A student takes notes on her smart phone. |
Elon Honors in Turkey is a travel seminar for first year Honors students. Each fall students interested in taking the course participate in a two-hour seminar introducing the course content. This year we focused on the blurry boundaries between religion and politics, especially in the ancient world. Students then are assigned an essay requiring them to reflect upon pertinent readings and content presented in the seminar. Performance in both the seminar and on the essay determines the list of those selected for participation in the course. The number of participants for this course is limited to between 10-15 students, allowing students an opportunity to work closely with instructors as they engage the course content.
Course Overview
The city of Istanbul, as it is currently known, has been a
cultural crossroads for millennia. In light of this, this first-year honors
course, uses the city of Istanbul itself, and other parts of Turkey, as
laboratories for academic inquiry into the ways social identities are
constructed. Drawing upon our expertise
in History and Religious Studies, the course instructors, Michael Carignan and Lynn Huber, provide students the tools with which to
investigate the long history of Turkey as both an “eastern” and “western” culture
and to probe the meanings signified in these categories. The course is
deliberately situated within the middle of a first-year Honors curriculum when
students have completed Global Studies equipped with conceptual tools for
thinking about the world, and before they enter a discipline-based
Spring-semester course.
Students in the Istanbul Archeological Museum. |
Students visit sites of historical and contemporary
significance to life in Turkey, engage readings that amplify our understandings
of several academic “problems” relevant to Turkish studies, reflect in writing
on a number of topics that pertain to our readings and site-visits, and probe
one or several related questions on a topic of their choosing. Among the topics of central importance to the
course are nationalism and imperialism and the identities associated with these
categories, East vs. West or East and West?, the construction of identity in
terms of religion and gender, and Turkey’s relationships to its past.
Course Objectives
- Students will articulate a basic understanding of the history of Istanbul specifically and Turkey more generally as a cultural and political crossroads;
- Students will be able to discuss the role Istanbul and, to some extent, Turkey has as a religious center and as a locus of religious diversity;
- Students will learn to “read” sites for their historical and religious meanings;
- Students will learn to apply disciplinary lenses to one aspect of Turkey/ Istanbul.

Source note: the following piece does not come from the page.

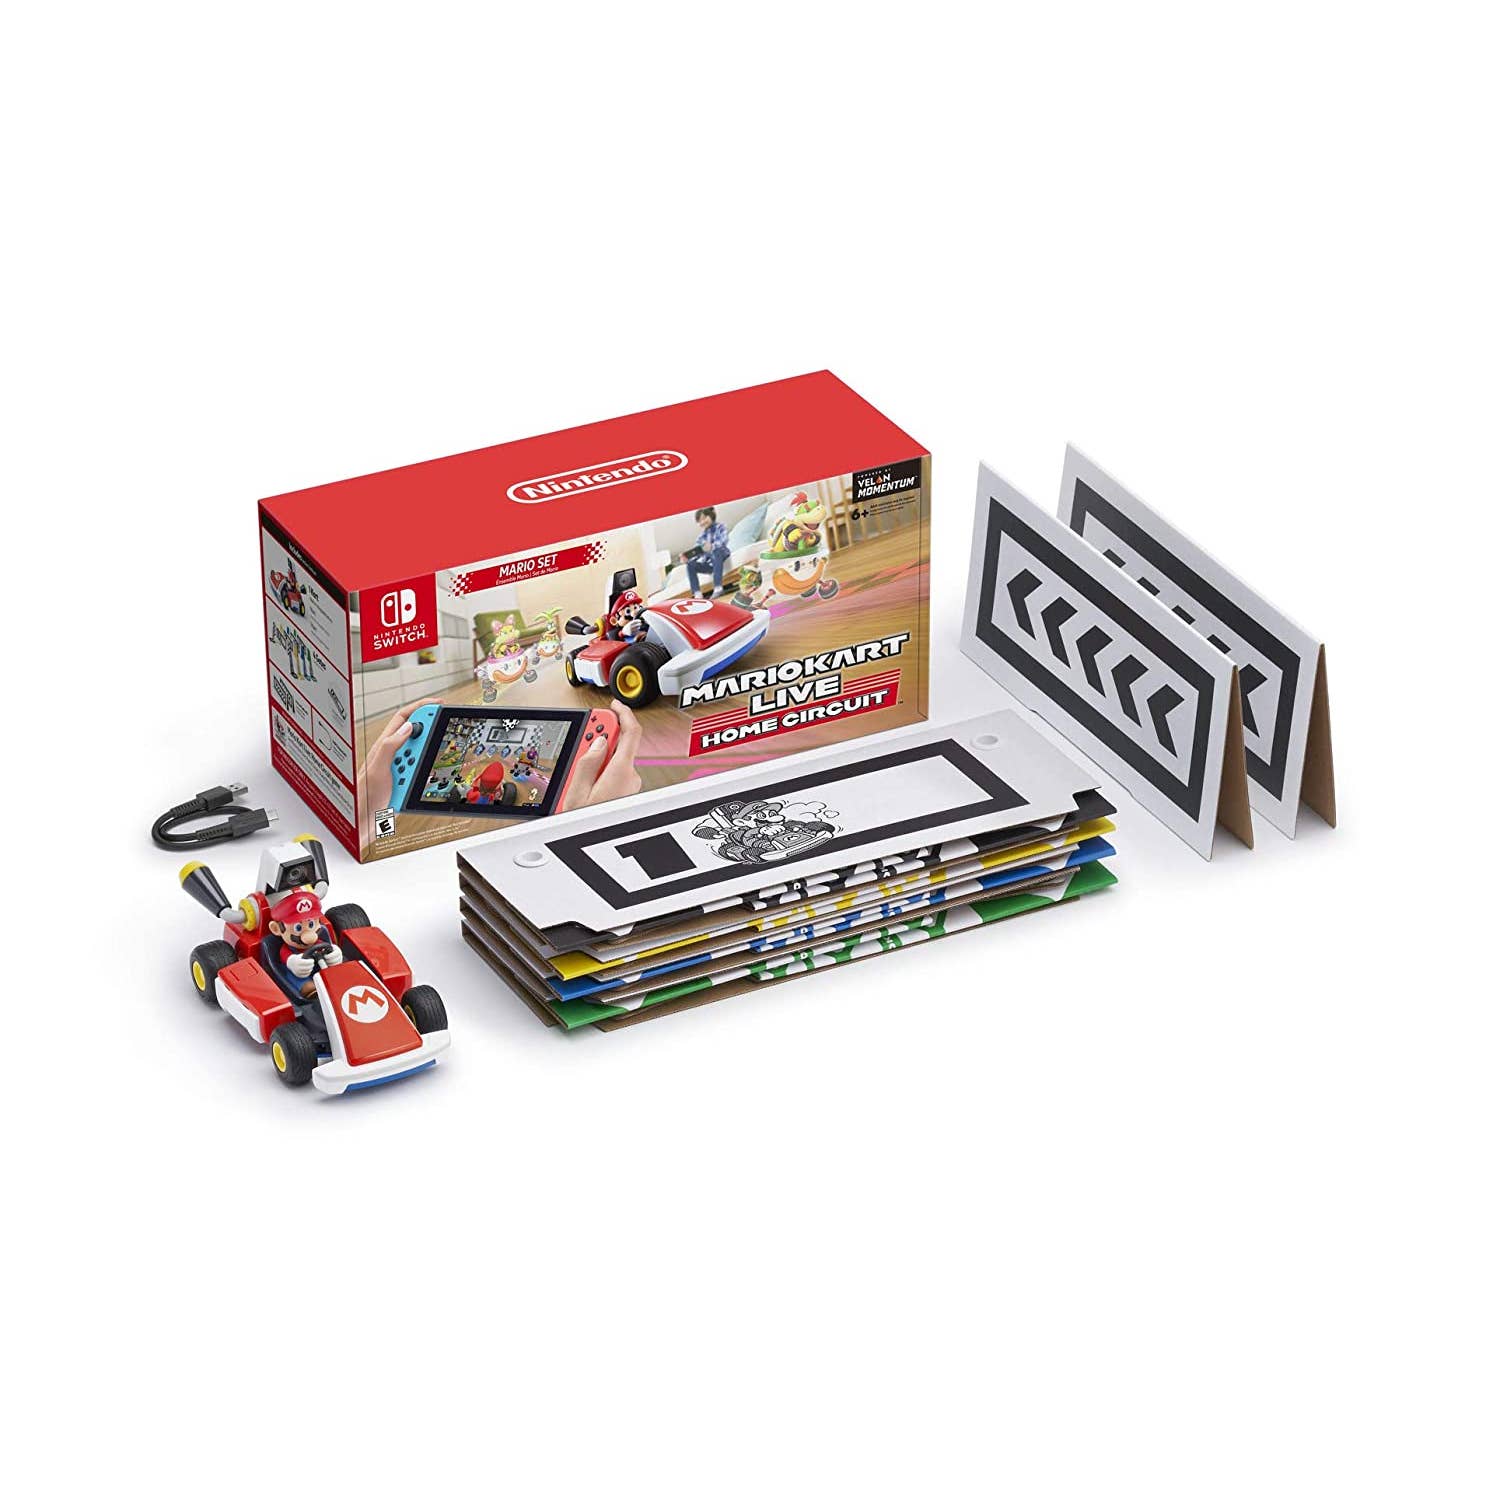 Nintendo- HACRRMAAA Mario Kart Live: Home Circuit -Mario Set - Nintendo Switch Mario Set Edition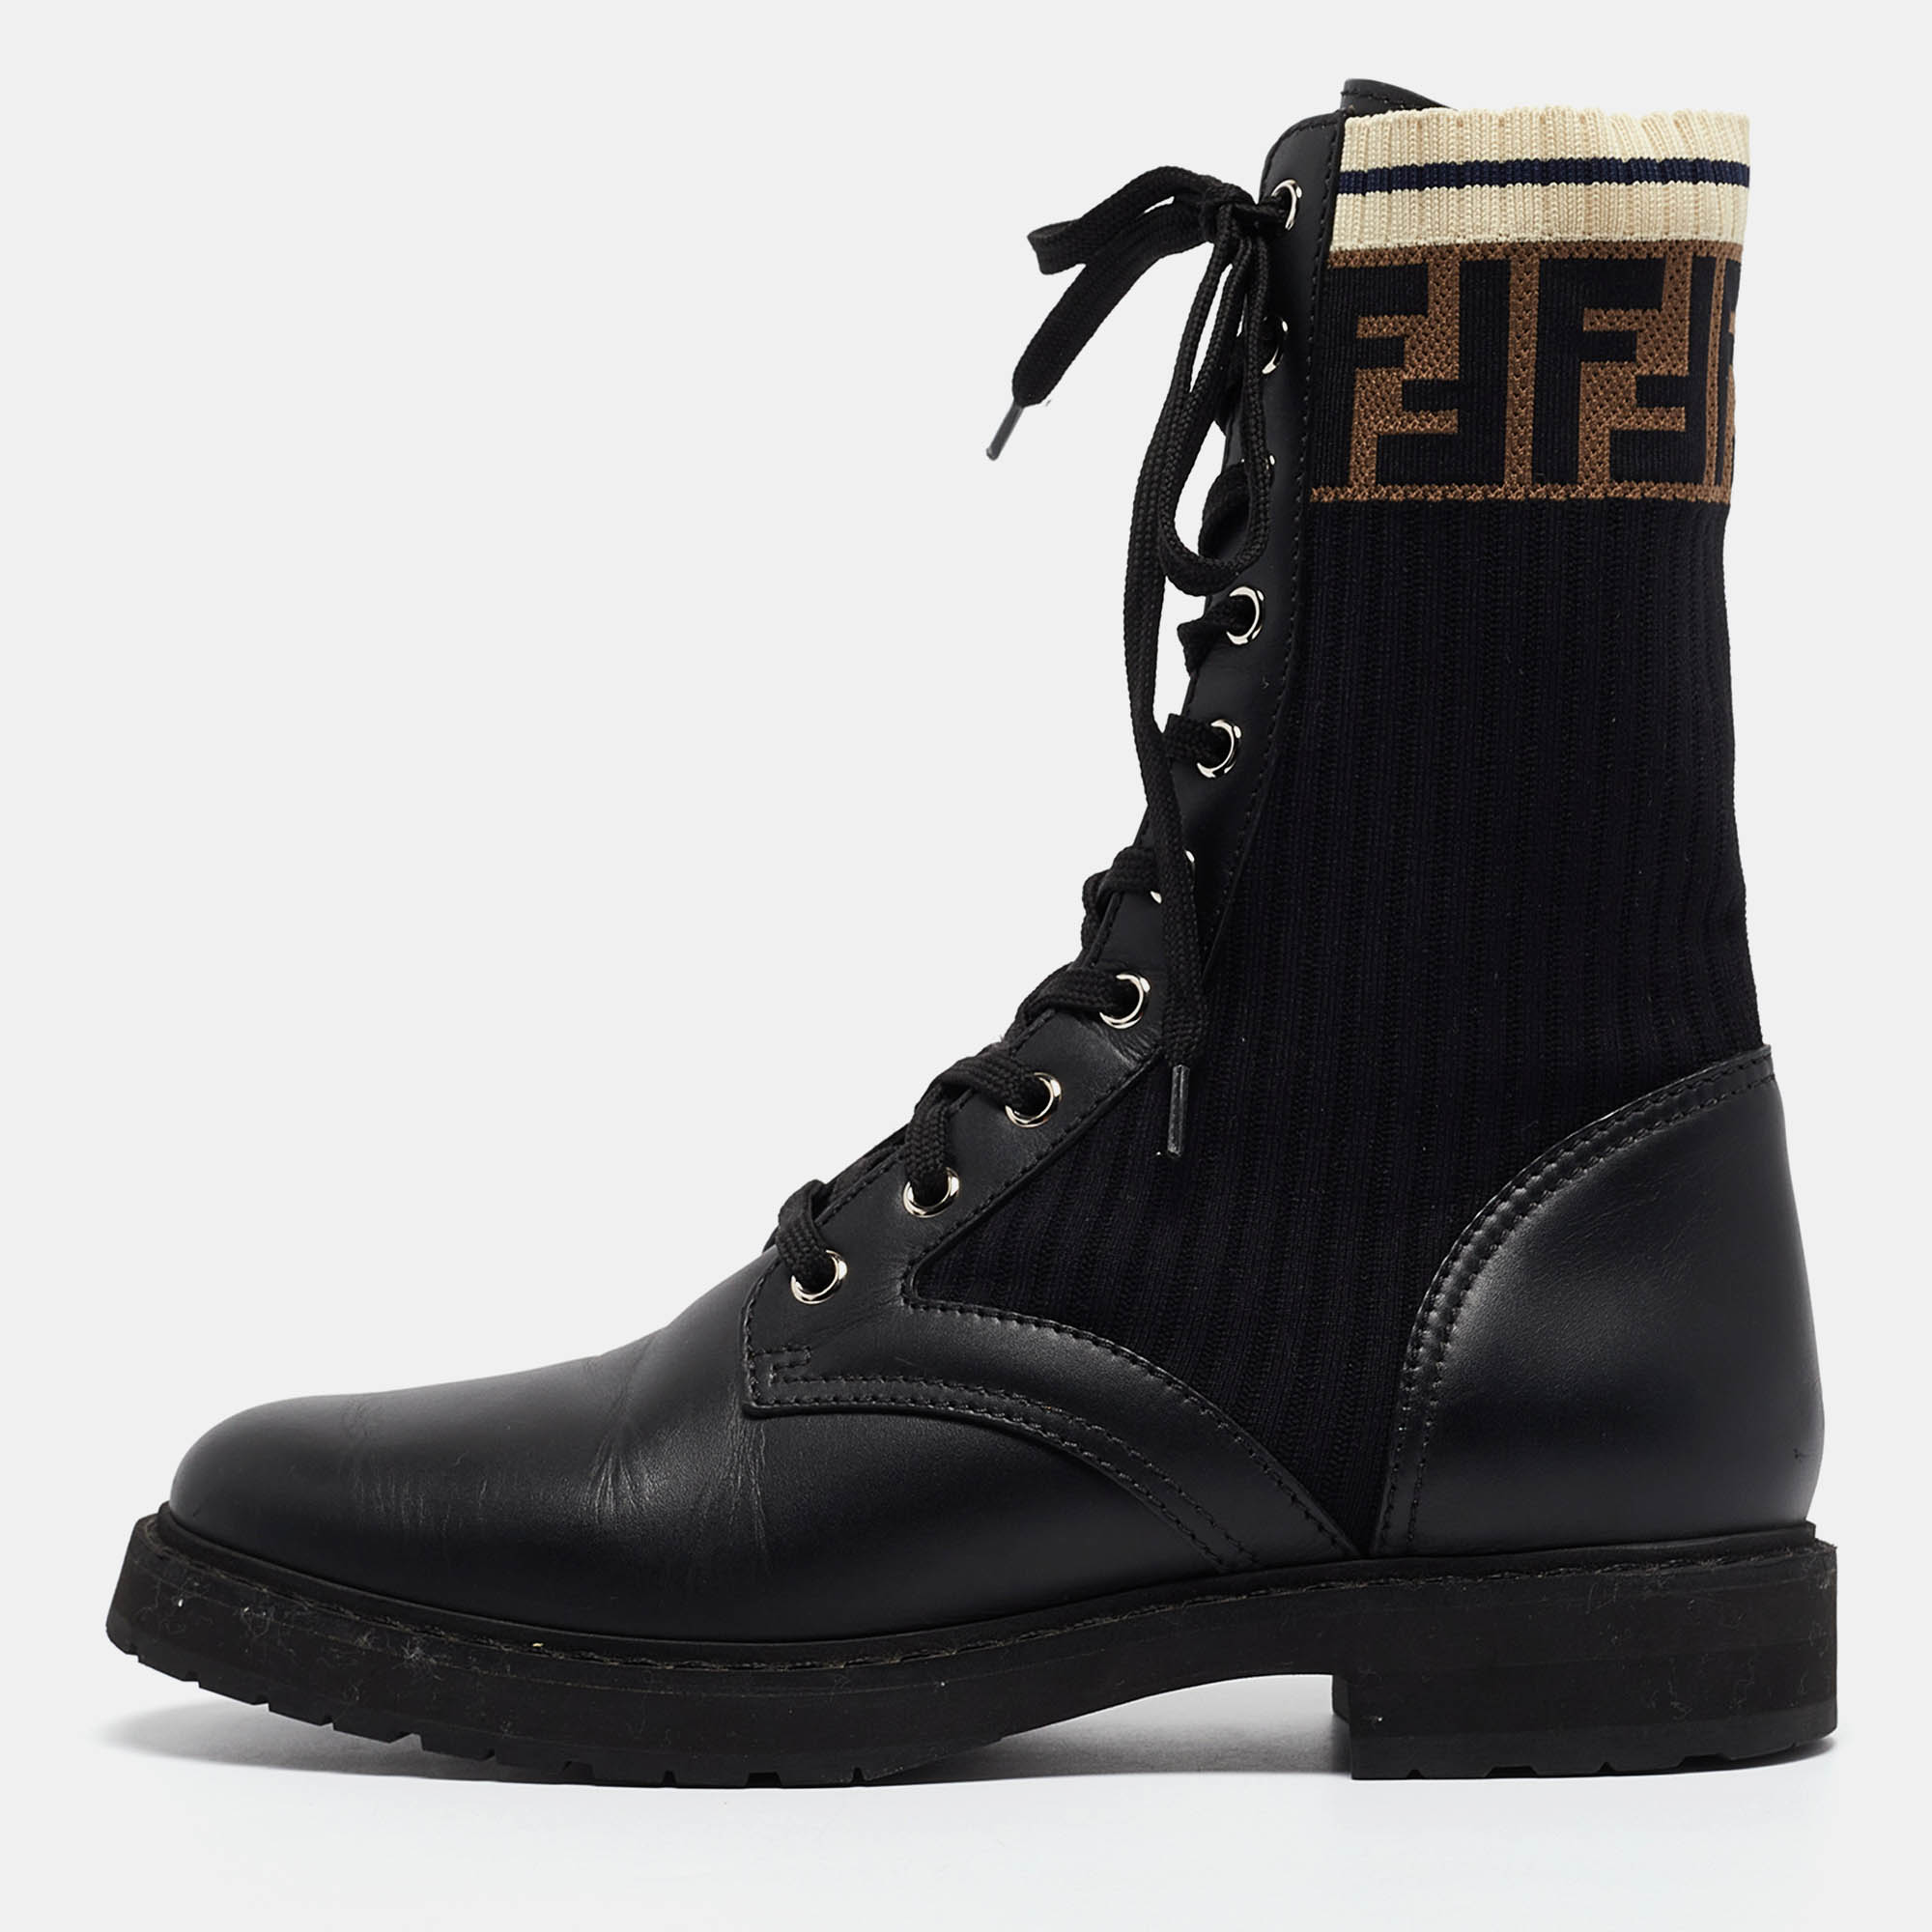 Fendi black leather and zucca stretch fabric rockoko combat boots size 39

- Students will develop a research question based upon their study in Turkey.
Sites
Sites to be visited in Istanbul include the Hagia Sophia, Suleymaniye Cami, St. Savior in Chora, Topkapi Palace, the Istanbul Archeological Museum, and the Şakirin Cami. Sites outside of Istanbul include Koç University, the Agora at Izmir/ Ancient Smyrna, Ephesus, Aphrodisias, the Mausoleum of Atatürk and the Temple of Augustus in Ankara, the Anatolian Archeological Museum, and the Tumulus at Gordion.